• **Description of the task**: Whenever a picture appears, leave it out while repeating all the other data exactly.

• **Material provided**:
□ □ □ □ □

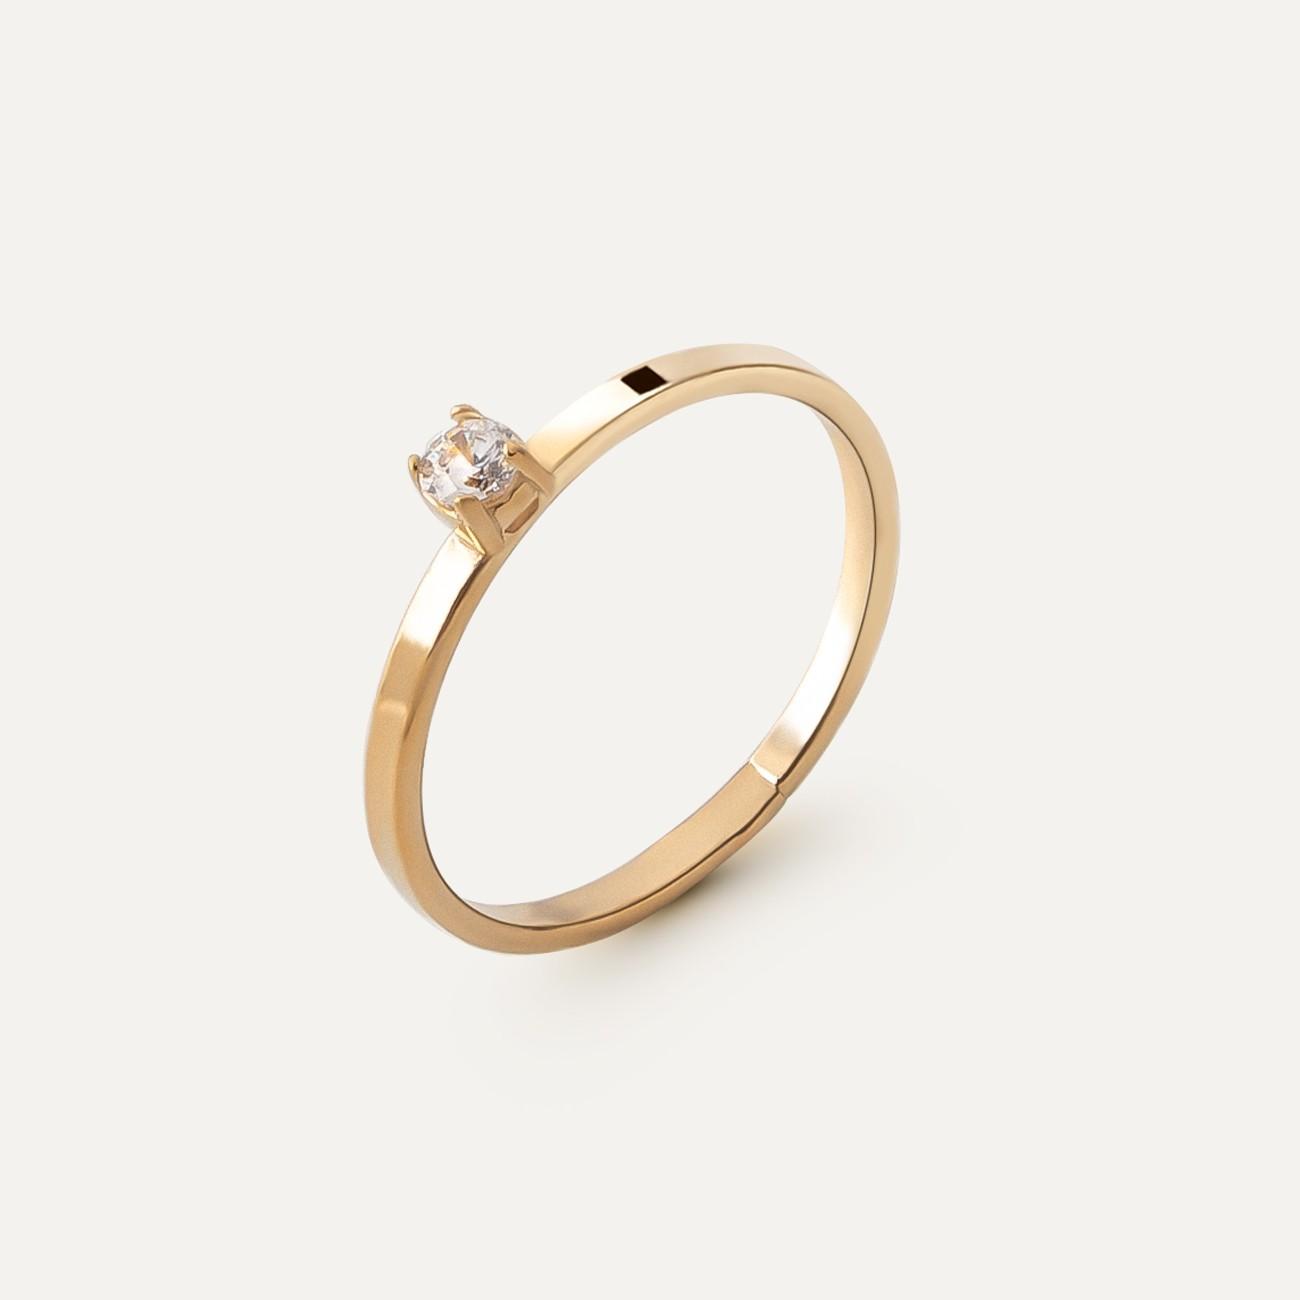 Srebrny pierścionek z cyrkonią 3mm My RING™ 925
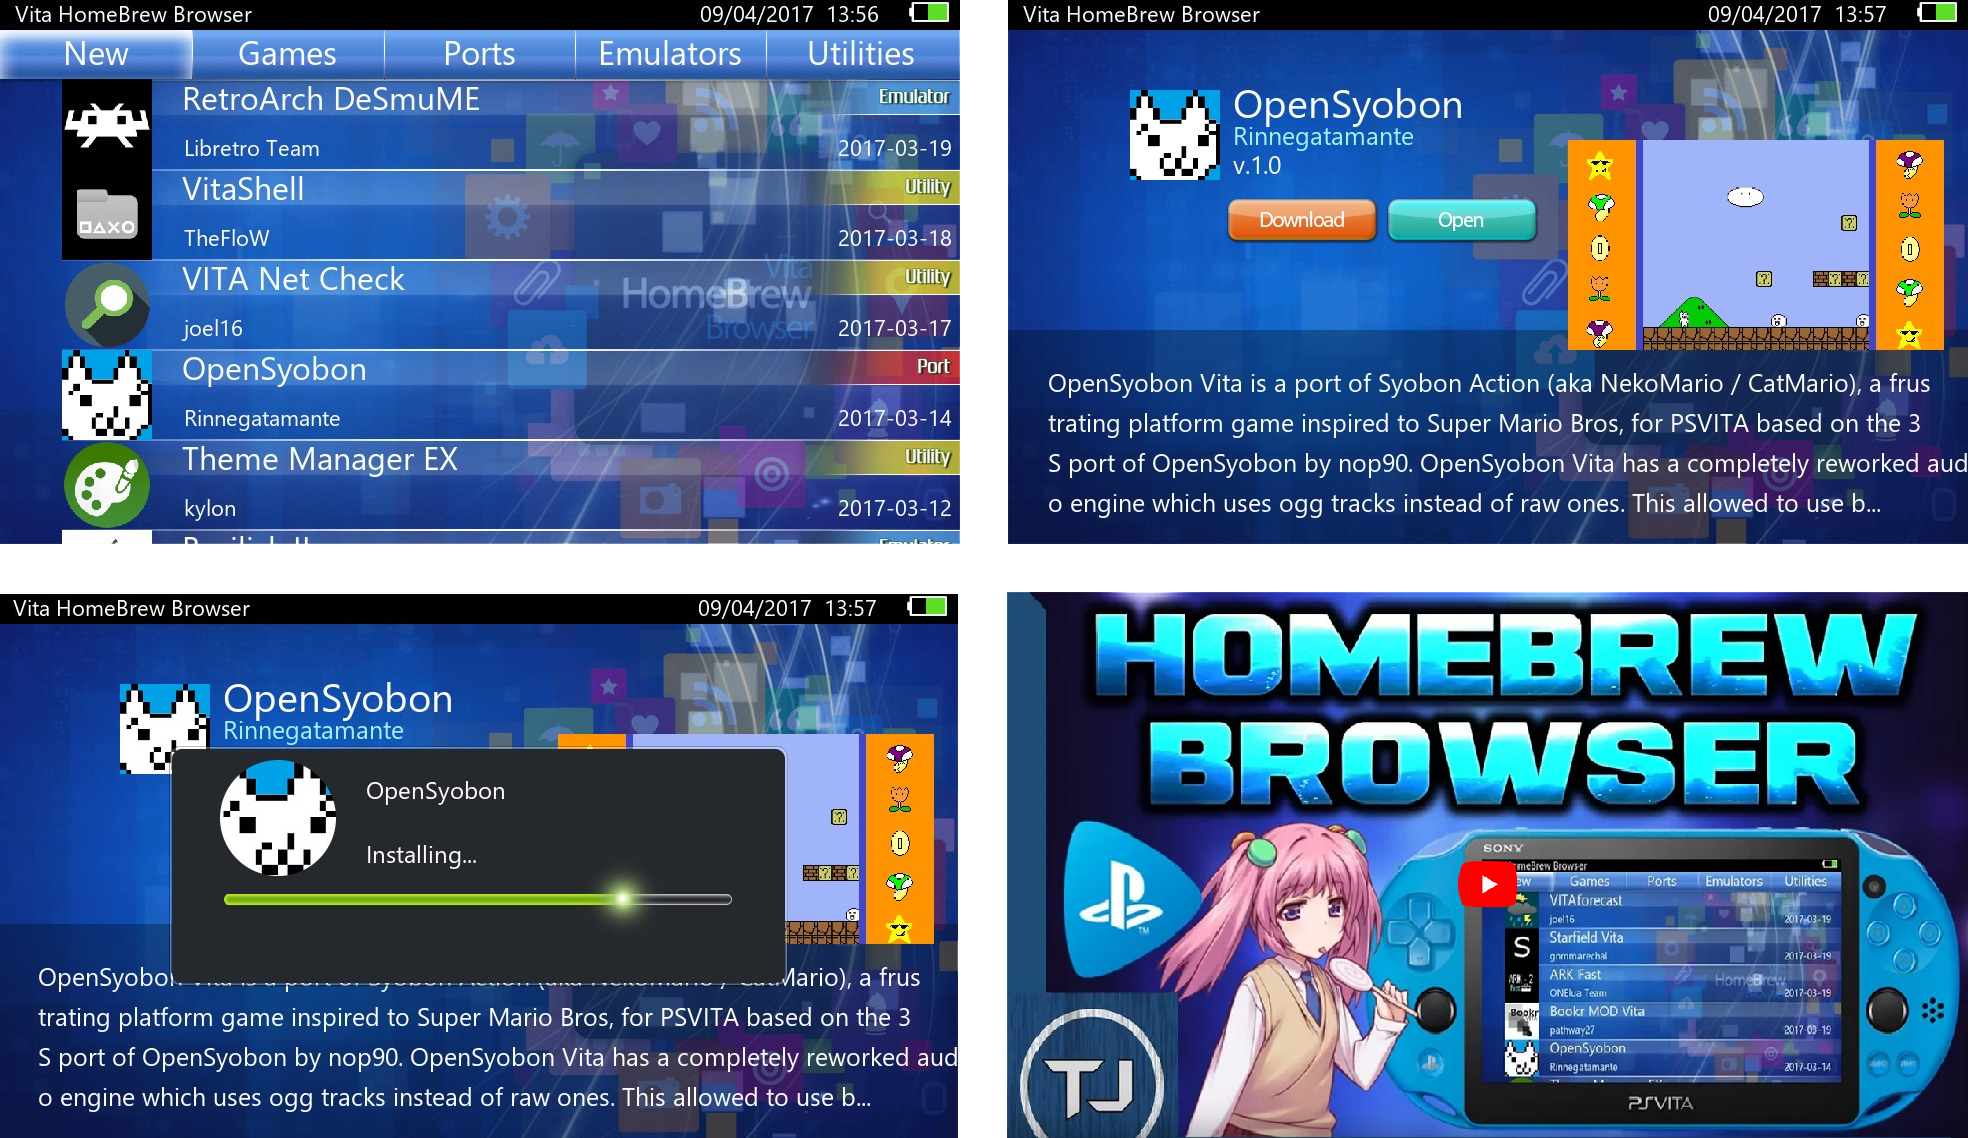 VHBB screenshots
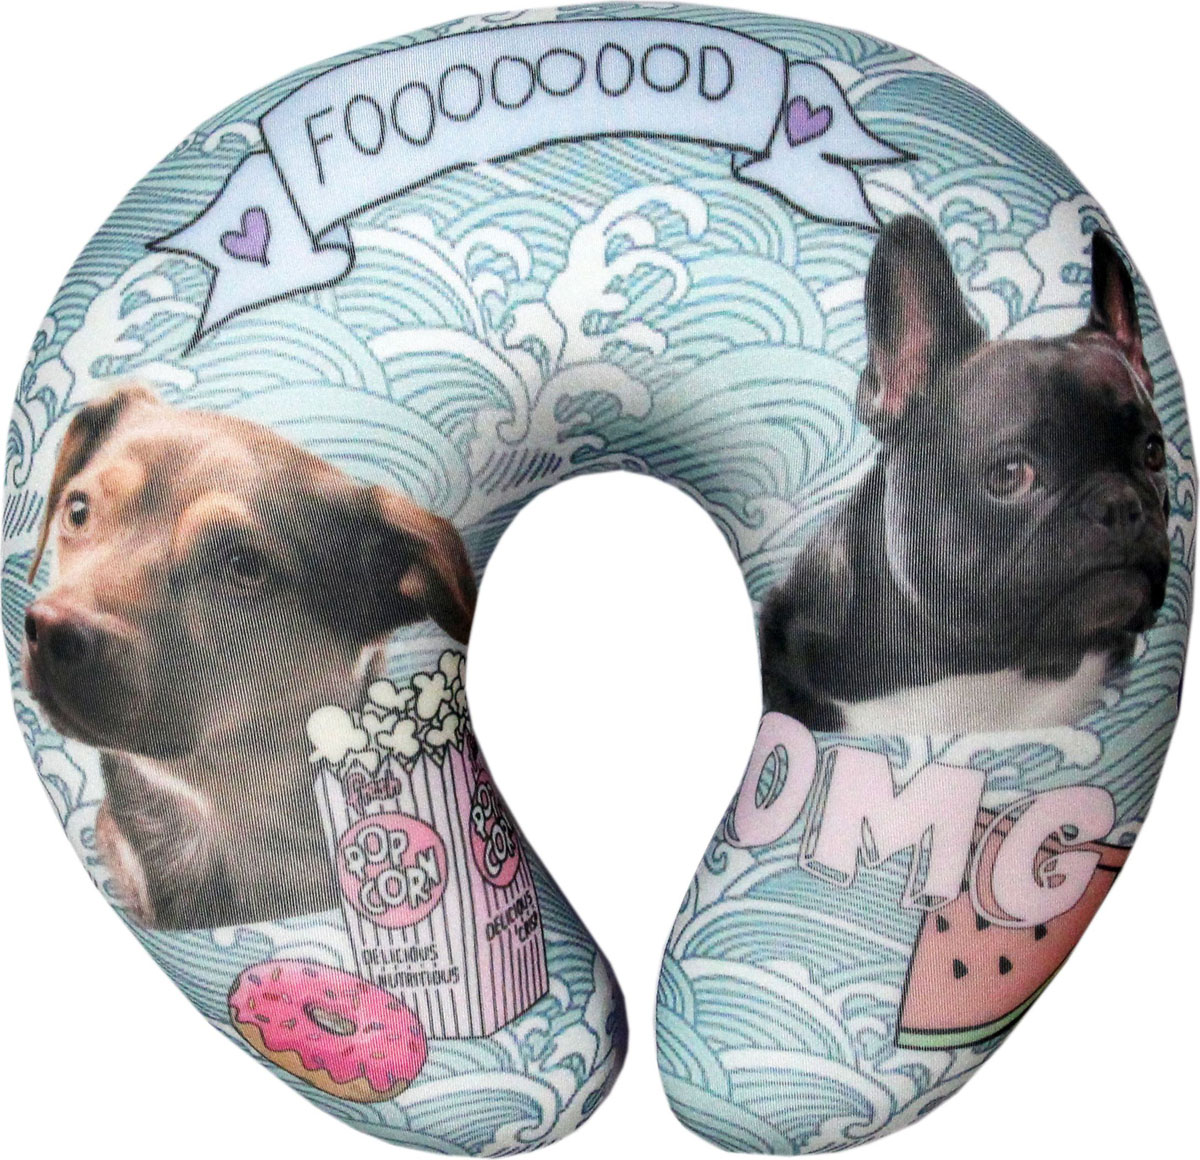 Подушка-антистресс для шеи Собаки пара, цвет: бирюзовый, 30 х 27 см подушка антистресс для шеи армейский 30 х 27 см 16асп32ив 1

□ □ □ □ □

• **Answer to this exercise**:
 Srebrny pierścionek z cyrkonią 3mm My RING™ 925
 VHBB screenshots
 Подушка-антистресс для шеи Собаки пара, цвет: бирюзовый, 30 х 27 см подушка антистресс для шеи армейский 30 х 27 см 16асп32ив 1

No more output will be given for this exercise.